Definition
In instructional question design, a puzzle is a question worded so awkwardly or obscurely that the learner must work out what is being asked before they can attempt to answer it. The difficulty lies in decoding the question itself rather than in demonstrating knowledge of the subject. Puzzle questions are listed in the Aviation Instructor's Handbook as a type of question to avoid because they test wording comprehension instead of aviation understanding.
Plain English
A test or quiz question that is so confusingly written that the student spends their effort figuring out what the question means, instead of showing whether they actually know the material.
Context Anchor
Seen in instructor training when discussing question types that should be avoided during teaching, review, or evaluation.
Derivation
From Middle English 'poselen,' meaning to perplex or bewilder.

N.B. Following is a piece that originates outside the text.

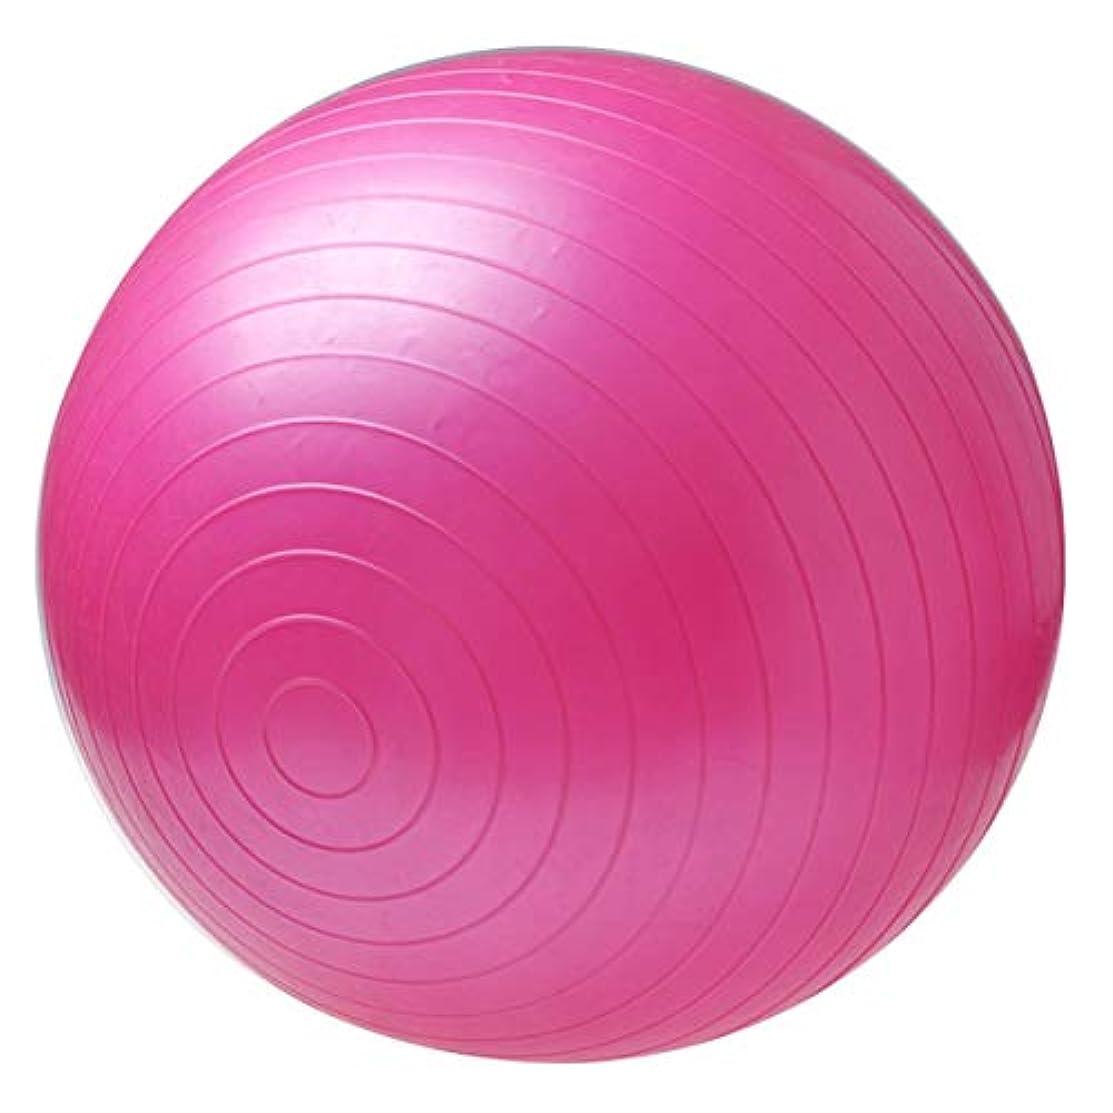 舗装する小さい通り非毒性スポーツヨガボールボラピラティスフィットネスジムバランスフィットボールエクササイズピラティスワークアウトマッサージボール - ピンク75センチ

The everyday sense of a puzzle is something that confuses you on purpose. Used here, it labels a question that confuses the student by accident — the wording itself becomes the obstacle.
Why Pilots Care
Instructors who write puzzle questions get poor feedback on what their students actually know. A student may fully understand a procedure but fail the question because the wording was tangled. Good questions test knowledge, not reading comprehension.
Intuition Check
Do not read puzzle here as a harmless game or brain teaser. In this FAA instructor context, a puzzle is a poor teaching question because it adds confusion instead of checking understanding.
Example Sentence 1
The instructor reviewed the written exam and removed three puzzle questions whose tangled wording was causing students to fail items they actually understood.
Example Sentence 2
A direct question about stall speed worked better than a puzzle that would have left the student guessing.